WHAT THE TASK REQUIRES:
Two lines mark the range in the entries below: the one holding "Contao Camp: Update in Sachen Webentwicklung" and the one holding "Note Musique Guitare". Set down those two and all lines between them, exactly.

DATA FOR THIS TASK:

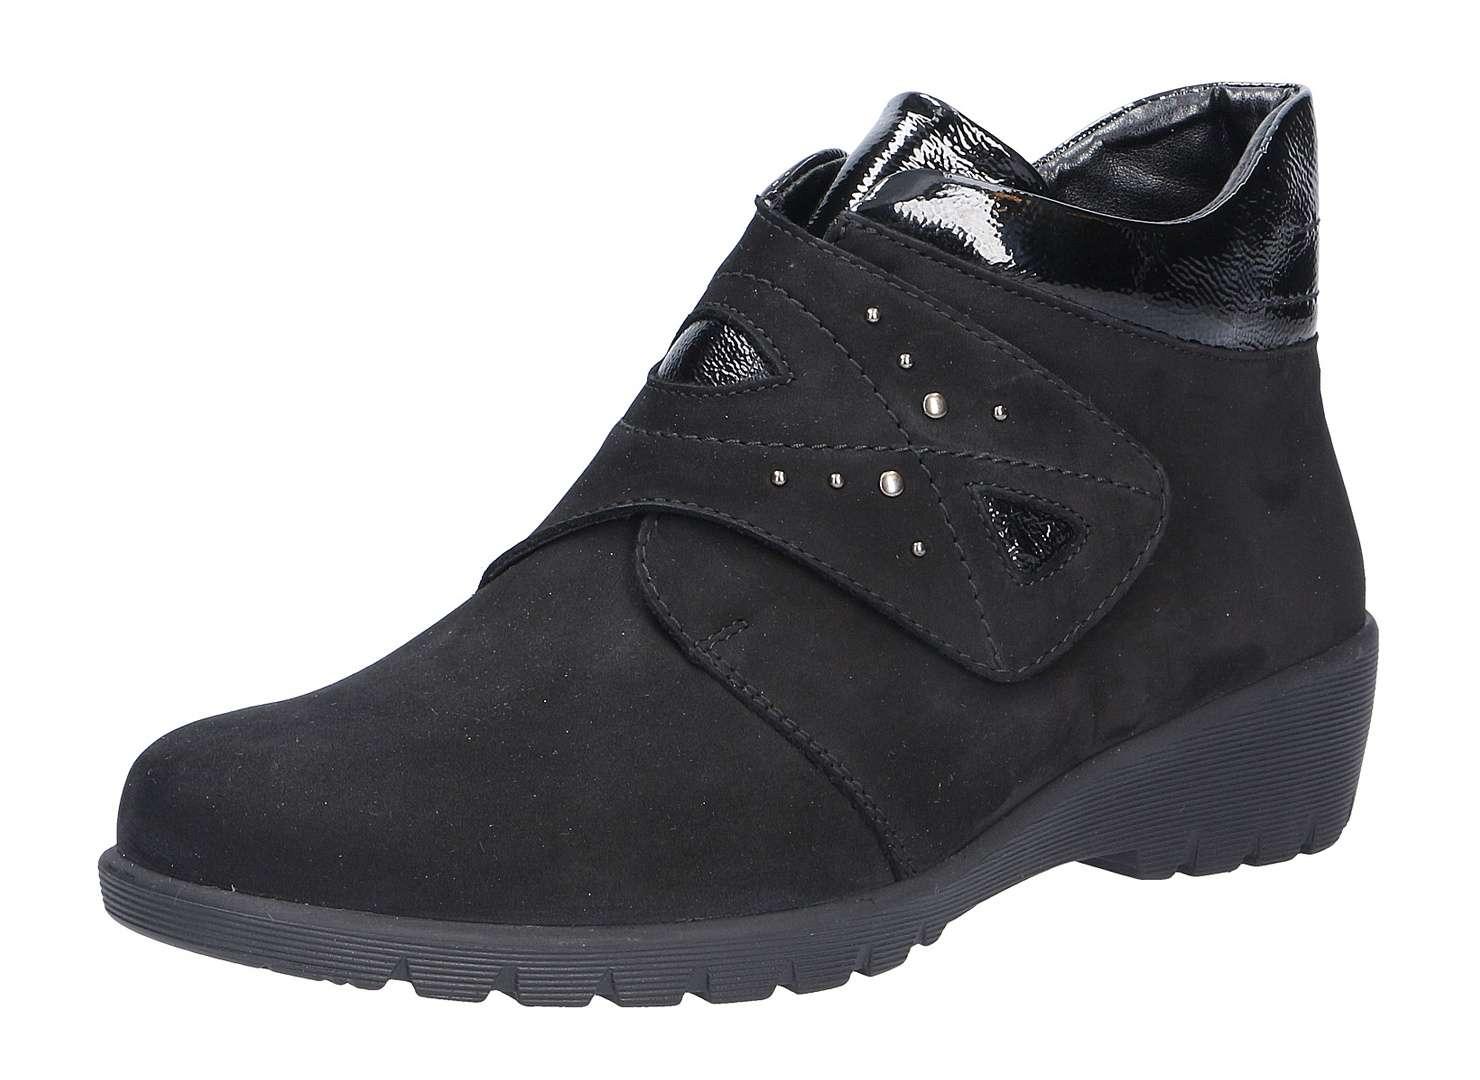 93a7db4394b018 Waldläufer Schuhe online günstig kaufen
...
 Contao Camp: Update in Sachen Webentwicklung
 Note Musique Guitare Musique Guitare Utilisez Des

SOLUTION FOR THIS EXERCISE:
 Contao Camp: Update in Sachen Webentwicklung
 Note Musique Guitare Musique Guitare Utilisez Des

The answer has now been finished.